Они были вежливыми мальчиками, одевавшимися строго по форме. На переменах они степенно прохаживались. Они прекрасно знали латынь, и Борода ставил их нам в пример на каждом уроке. Но они не имели права отличаться от нас только потому, что родились в Польше, от польских родителей, и приехали из Варшавы! Тогда и Хаким, и Андрей Мартынов, и лохматый, добрый, неряшливый, зачитавшийся Женя Рутенберг, каждый из нас имел это право?
11
Вспоминать — необыкновенно интересное занятие, и, расставшись с Николаем Николаевичем, который из деликатности не признался, что его утомил наш длинный разговор, я лег в постель — и не уснул.
Точно что-то ожило, затрепетало во мне — и клубок воспоминаний стал разматываться свободно, легко, будто он наконец дождался своего часа. На другой, день нам с Николаем Николаевичем предстояла прогулка по городу — и я вообразил эту прогулку, но не в 1970 году…

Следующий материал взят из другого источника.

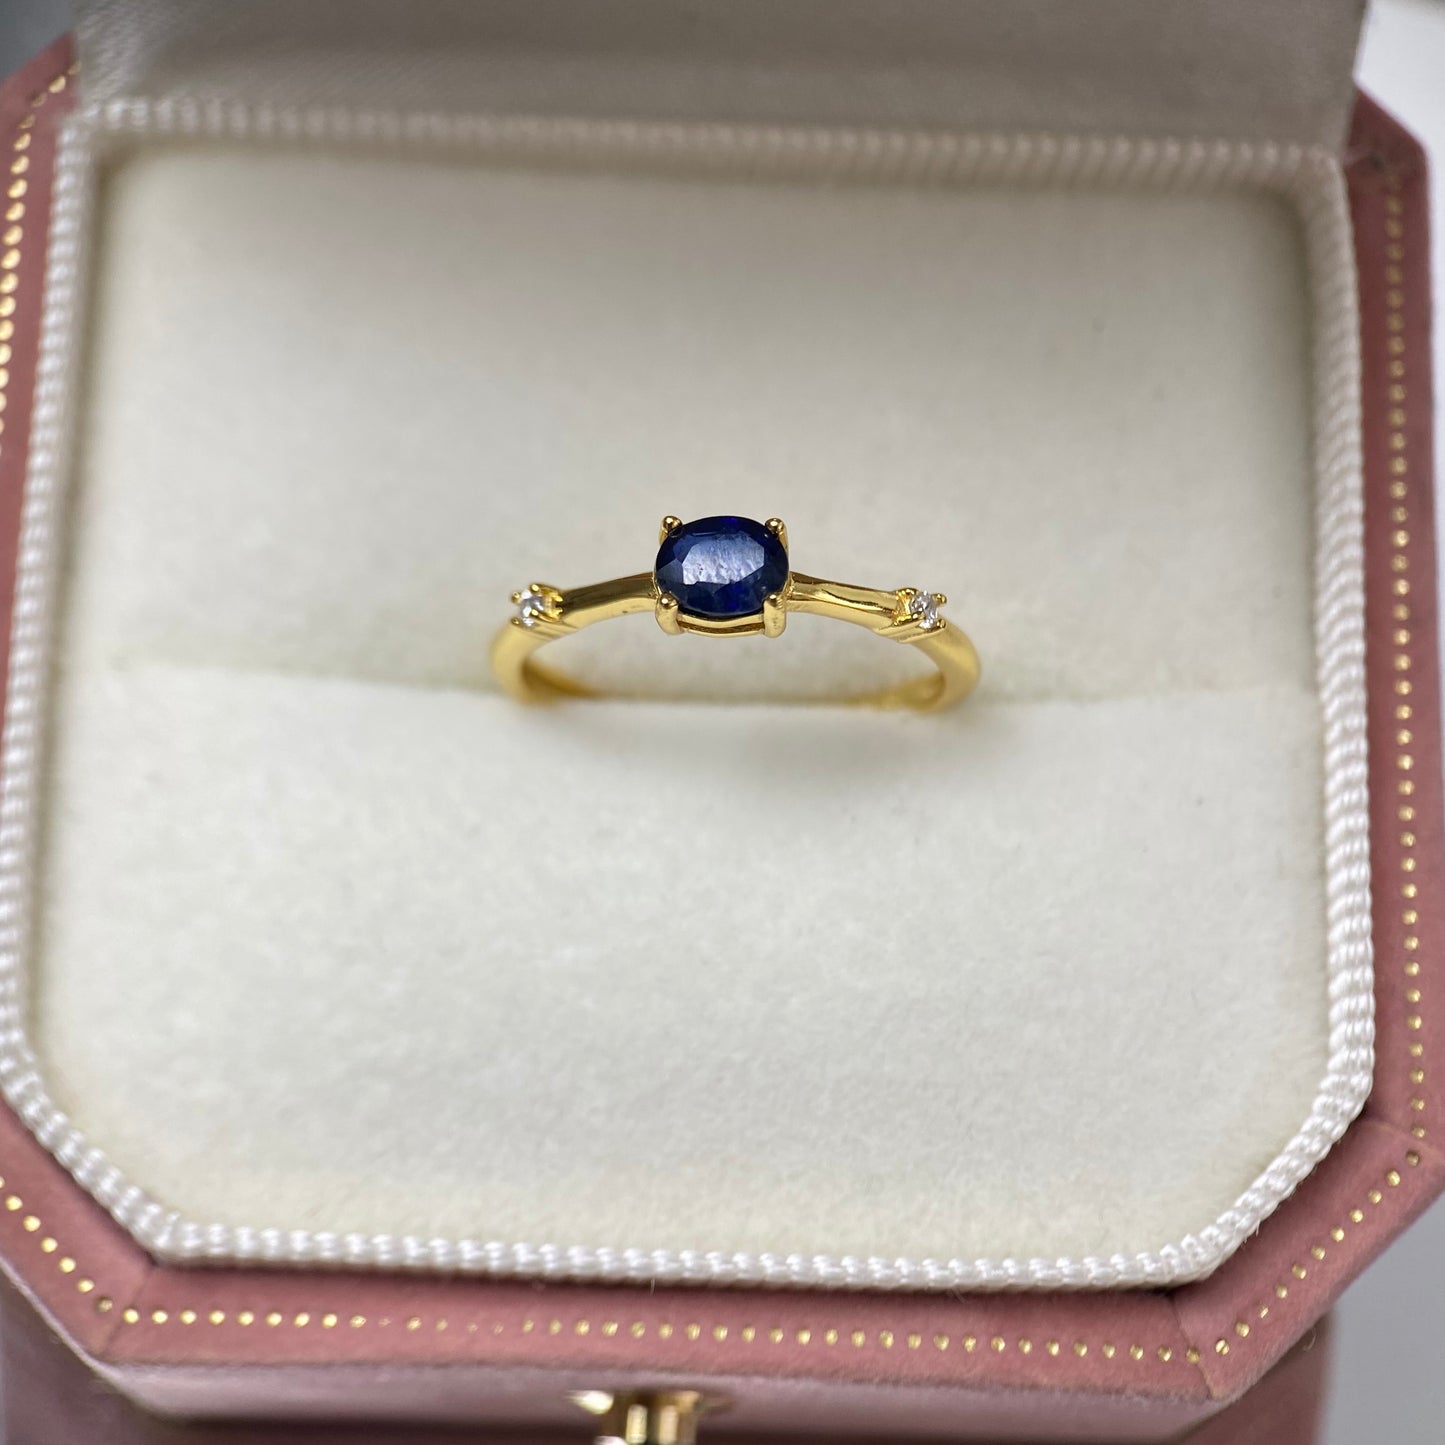 Sapphire ring s925 silver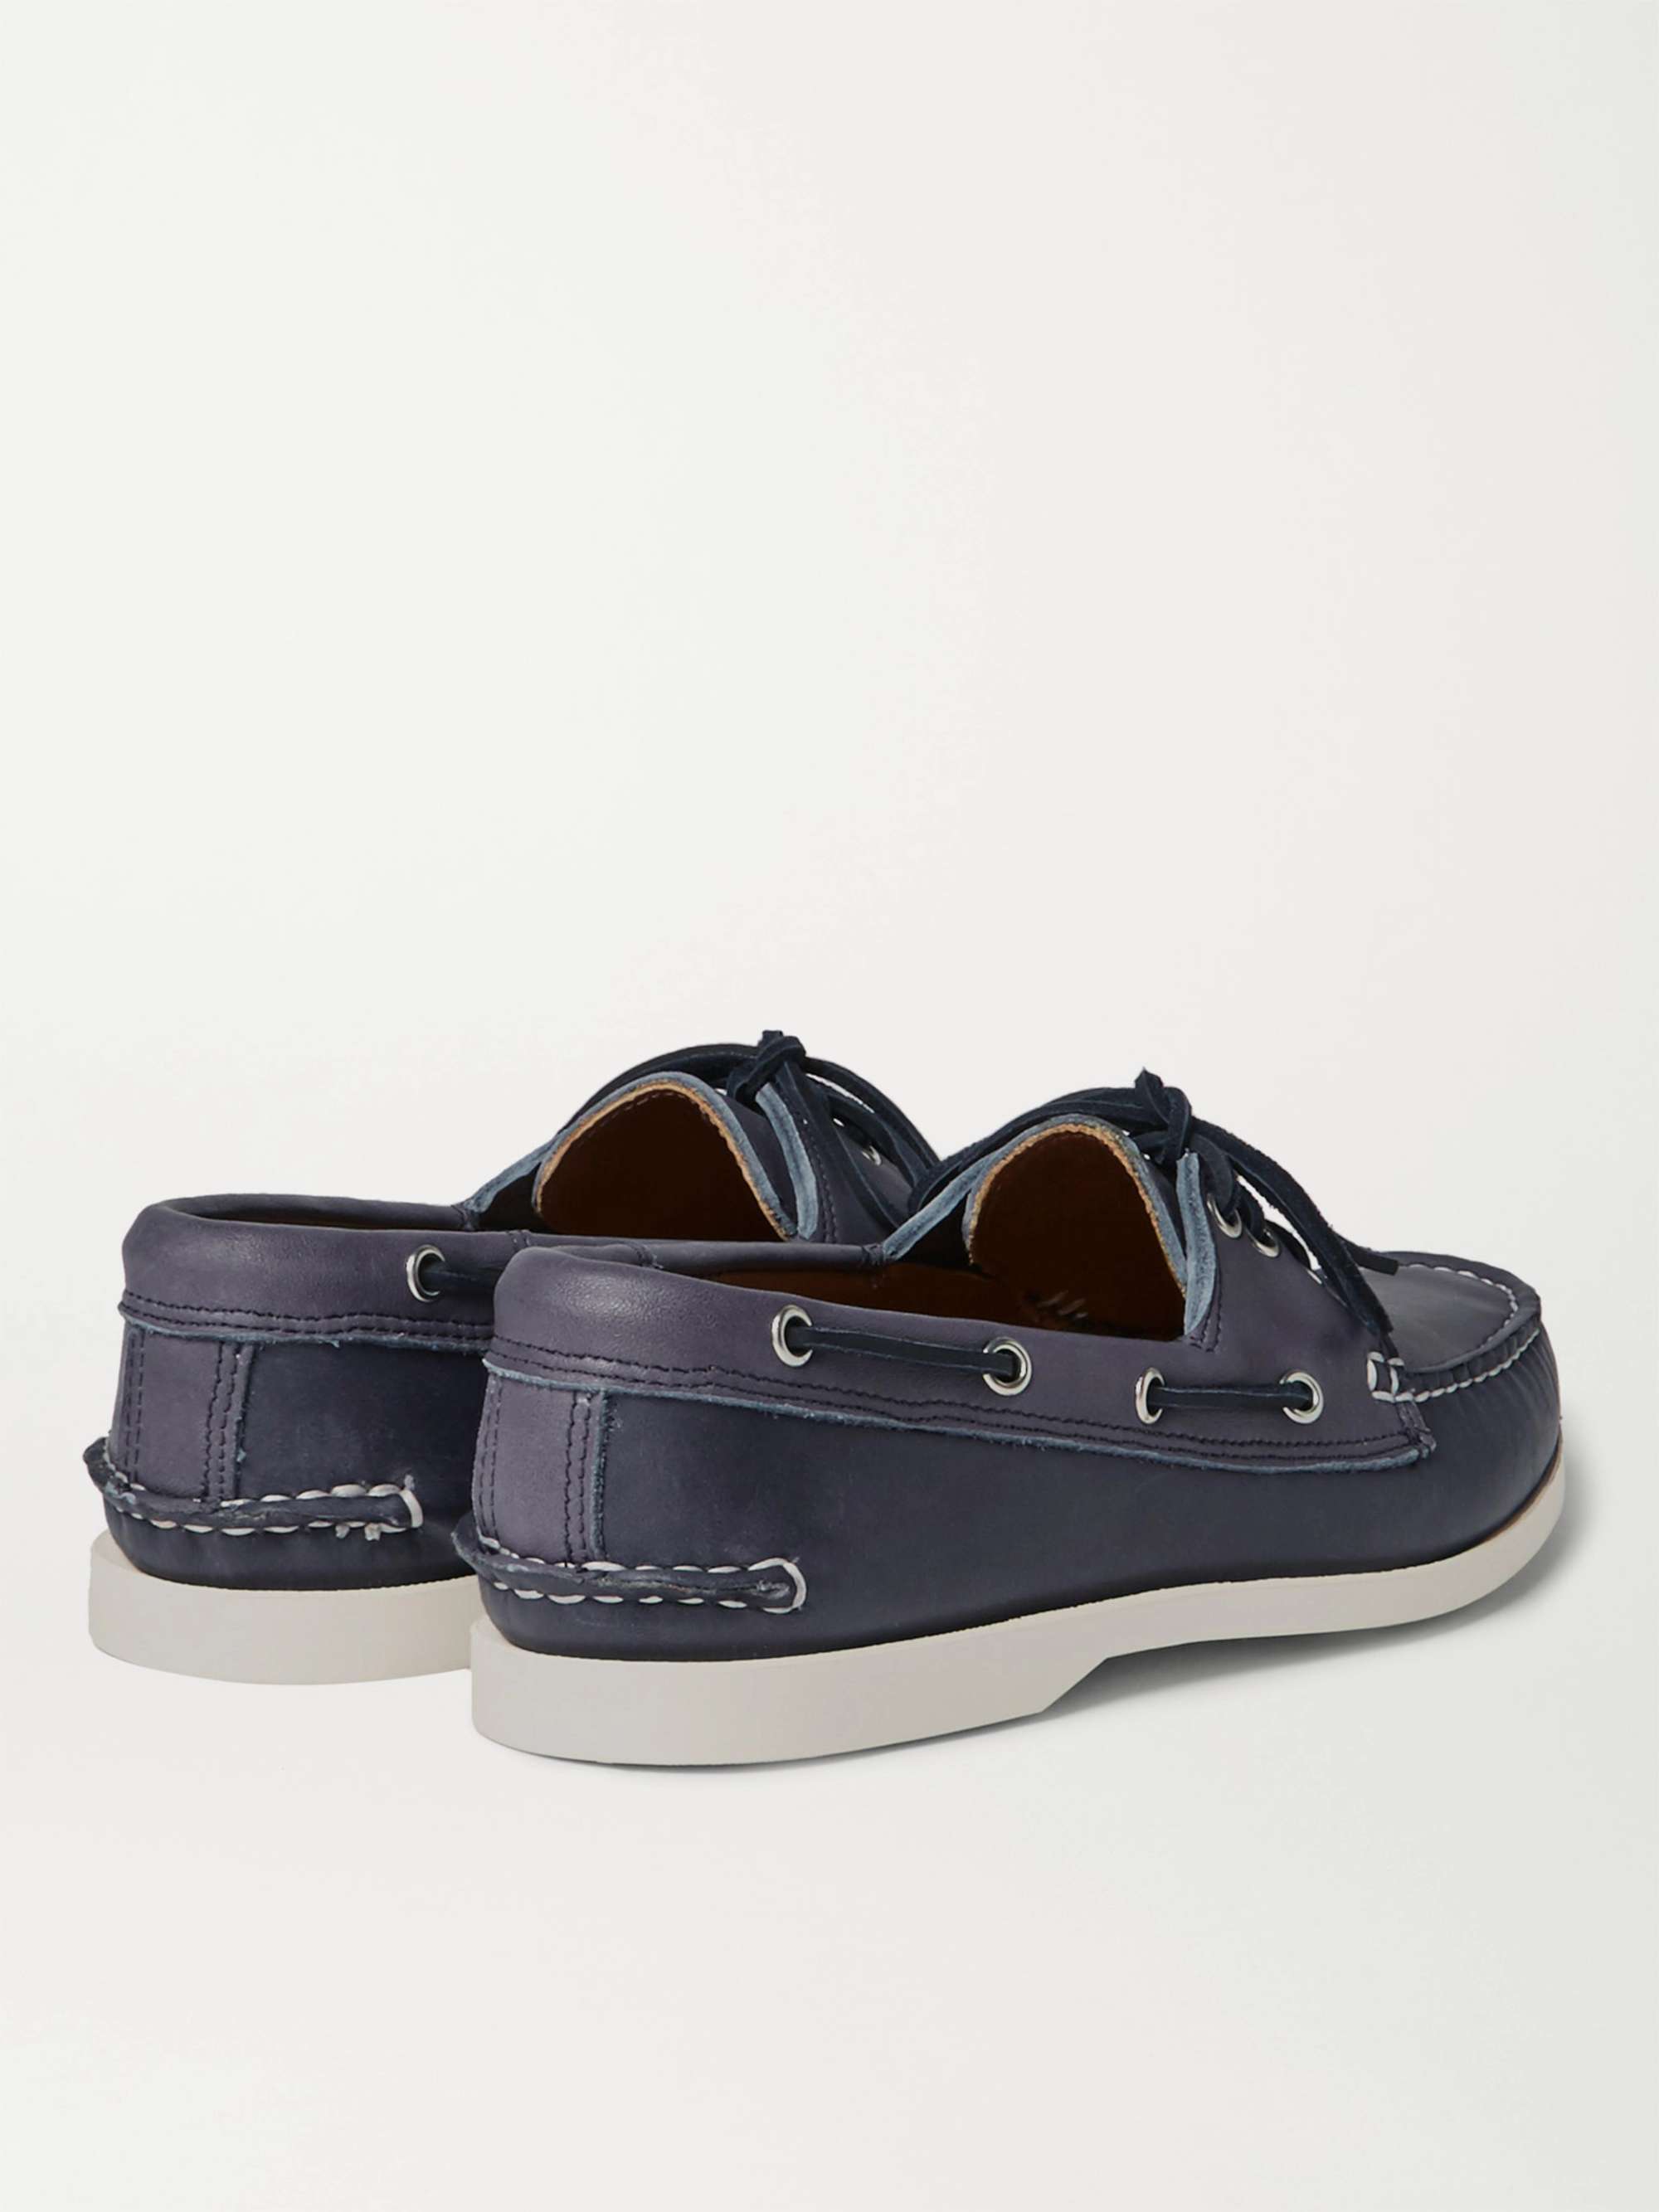 QUODDY Downeast Leather Boat Shoes

Холодно, зима, снег похрустывает и искрится под ногами. Двенадцатилетний гимназист, подняв воротник шинели, идет вдоль Привокзальной, мимо заборов и маленьких домиков служащих железной дороги. Справа — одинаковые двухэтажные казармы Иркутского полка, длинные здания полкового склада. За складом — пустырь, с которого Сергей Исаевич Уточкин в 1912 году совершал полеты. Не знаю, почему я не был на этих полетах, о которых говорил весь город. Но мне помнится жаркий день, наш садик во дворе. Круглая тень яблони лежит у моих ног и становится все короче… Я читаю «Дворянское гнездо», букашка ползет вдоль страницы, на которой Лиза в белом платье, со свечой в руке идет по комнатам темного дома, не зная, что в саду ее ждет Лаврецкий. И вдруг в это оцепенение, в расплавленность летнего дня врывается переполох, смятенье, суматоха.
— Летит, летит! — кричали со всех сторон.
Нянька выбежала с черного хода с ведром, в подоткнутой юбке, и замерла, подняв голову и крестясь. Все остановилось. Только что неоткуда было ждать чудес, только что по Гоголевской битюг протащил тяжело нагруженную телегу. Только что все было неразрывно связано, приковано друг к другу.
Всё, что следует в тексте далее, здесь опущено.